По мнению К. Мерво, переписка Вольтера играла примерно ту же роль, что и средства массовой информации в наши дни. Большая часть писем помимо непосредственного адресата обращалась к целым группам читателей. Письма были эхом событий, а иногда и способом воздействия на них, а потому характеристики Екатерины II Вольтером составляли часть общей стратегии эпистолярной «игры», которую вели философы Просвещения. Екатерина сама положила

начало этой игре как раз в тот момент, когда на философов обрушились преследования на родине. Вольтер, почитавший себя их предводителем, ухватился за эту возможность, чтобы использовать символическое значение широких жестов Екатерины II. Среди этих жестов было и приглашение д’Аламбера в наставники к наследнику престола, и предложение Дидро издавать в Риге или в Петербурге гонимую во Франции «Энциклопедию».

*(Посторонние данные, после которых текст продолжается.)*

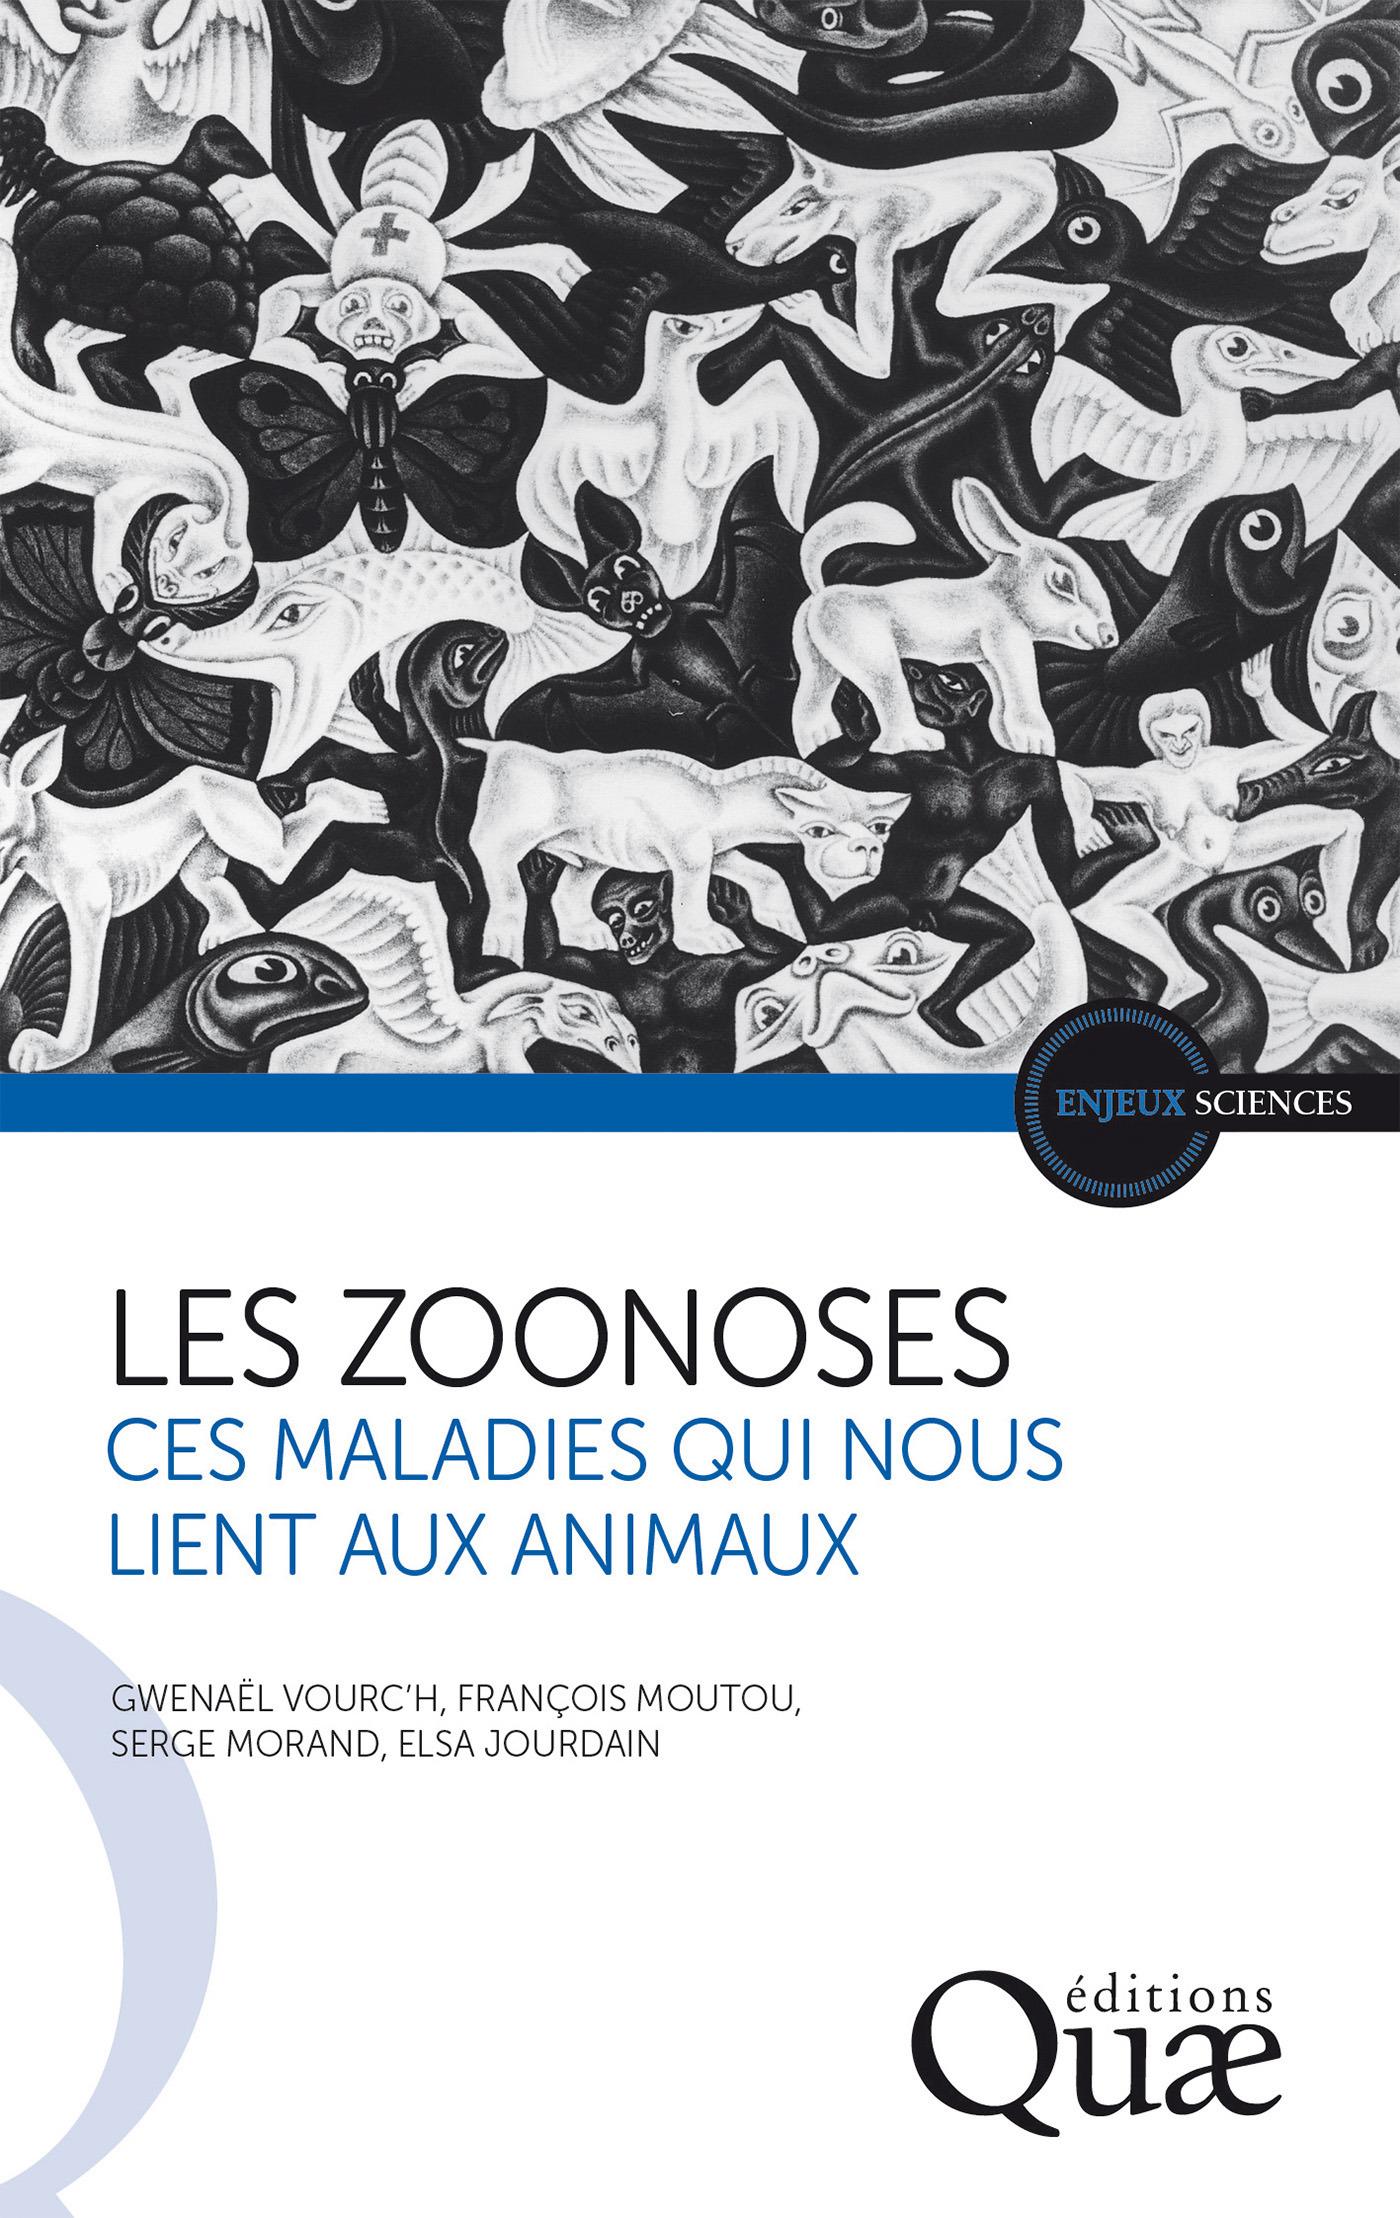 Les zoonoses, ces maladies qui nous lient aux animaux

В ответ Вольтер создал идеальный образ царицы, сравнивая ее со св. Екатериной Александрийской, св. Екатериной Болонской, св. Екатериной Сиенской. Российская государыня прославлялась как продолжательница дела Петра, она превращалась в Звезду Севера, Фалестру, царицу Савскую и, главным образом, в Семирамиду Севера (ранее Вольтер именовал так Елизавету Петровну) [221]. По мере новых шагов императрицы ее образ покровительницы искусств дополнился новой чертой: борьбой против религиозной нетерпимости. Портреты Екатерины в переписке Вольтера становятся схематичными и стереотипными, легендарный план будто вытесняет реальные человеческие черты, а хвалебное клише столь часто применяется ко всем ее деяниям, что «стирается».

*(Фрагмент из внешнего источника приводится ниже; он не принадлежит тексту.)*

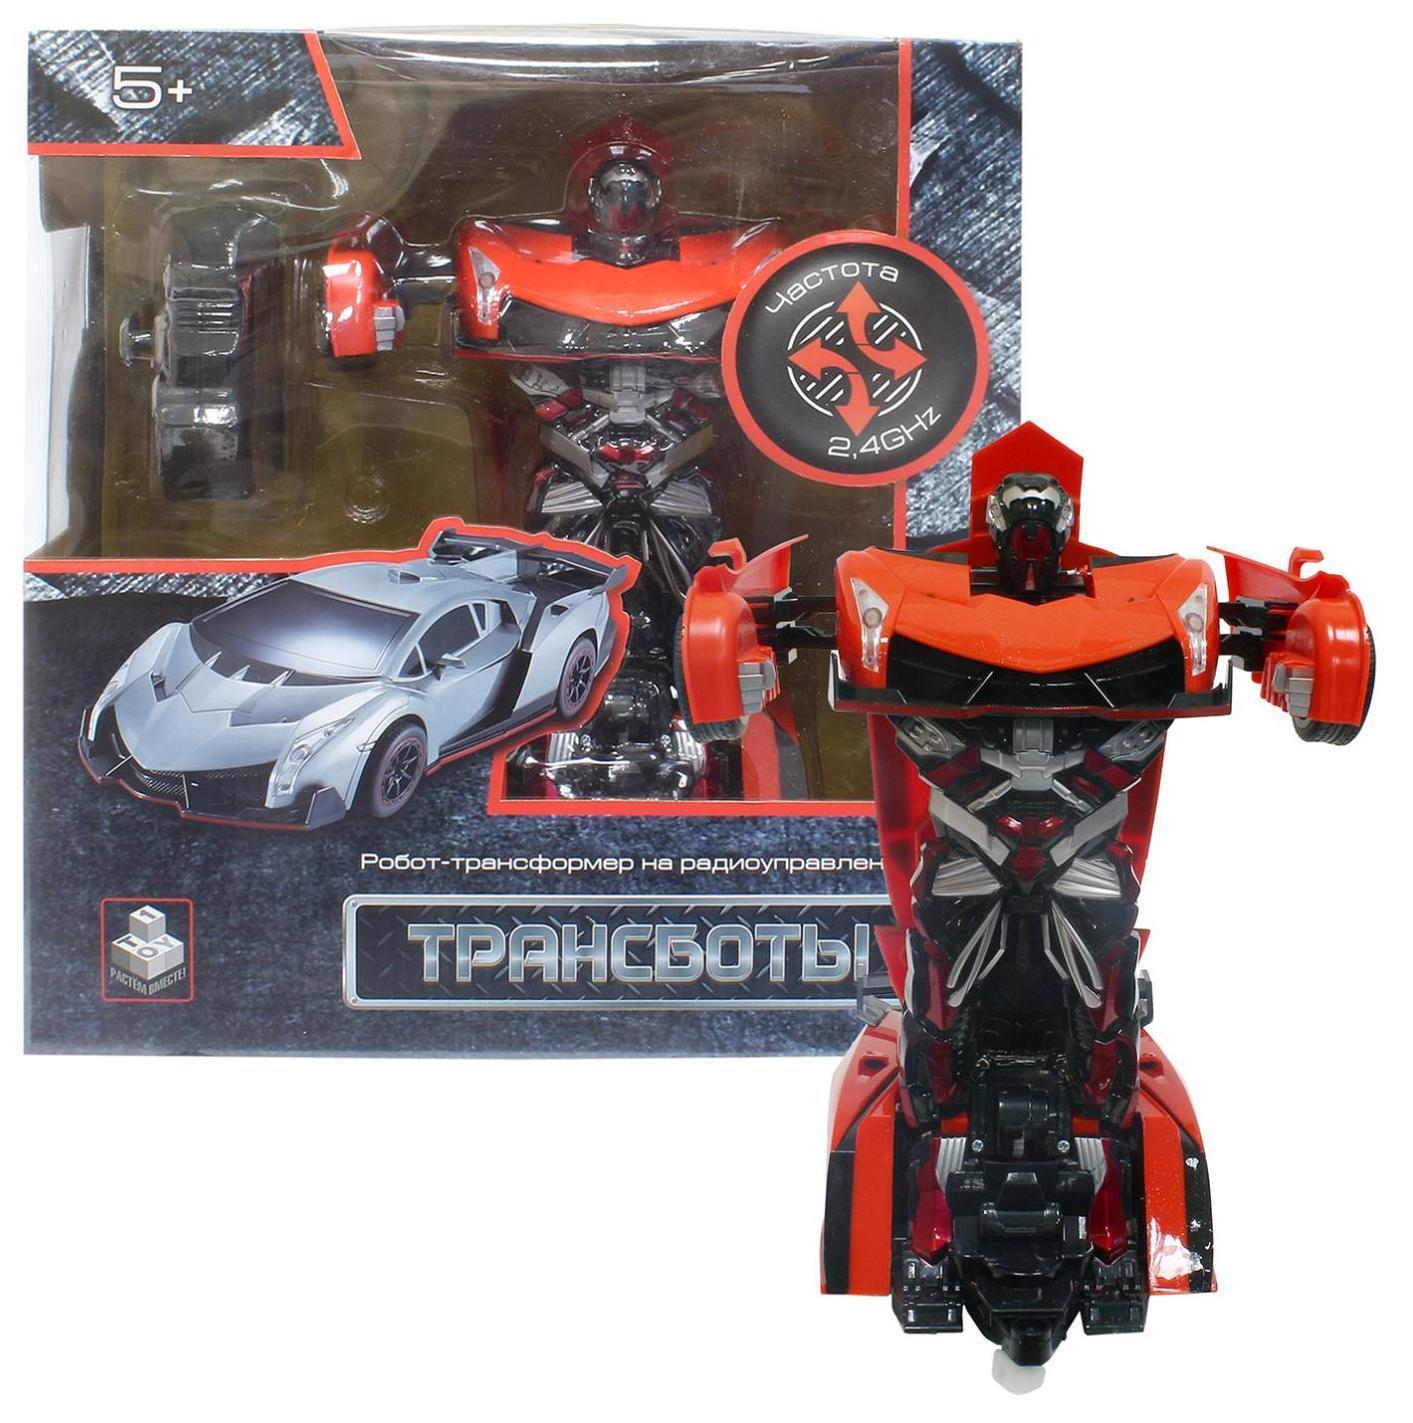 Купить 1TOY Трансботы - Спорткар - робот-трансформер на пульте | оранжевый, Китай

Как замечает А. Ф. Строев, Вольтер положил начало целому направлению в описании России: «Философы-энциклопедисты, вслед за Вольтером, превозносили страну, которая благодаря Петру I и Екатерине II устремилась по пути преобразований и однажды должна послужить примером для всей Европы. Но речь не идет об ослеплении, заблуждении или о сознательной идеализации. Вольтер во многом стремился предложить Екатерине II пути решения внутренних и внешнеполитических проблем, будь то реформа законодательства или завоевания, рисуя их в своих письмах как уже почти окончательно разрешенные» [222]. Вольтер лучше остальных выразил мысль всех тех, кто восхищался Россией в эпоху Просвещения: благодаря Екатерине, этому «апостолу» терпимости, философия добилась в подвластных ей северных землях огромных успехов, удалось предотвратить ту резню, которой фанатики осквернили страны с иным, более теплым, климатом. Образ российской царицы, не отъемлемый от образа России, в век Просвещения служил и философской моделью, и неким примером для подражания другим монархам [223]. В тот период, когда на философов обрушились нападки во Франции, их союз с Екатериной II предстал как практическое воплощение мечты о союзе двух элит, правящей и творческой. Философы (а они во многом определяли общественное мнение) не только создавали в Европе образ русской императрицы как истинно просвещенной монархини, а России как страны, где мудрые законы благоприятствуют развитию наук и искусств, но и напрямую поддерживали деятельность русского правительства [224].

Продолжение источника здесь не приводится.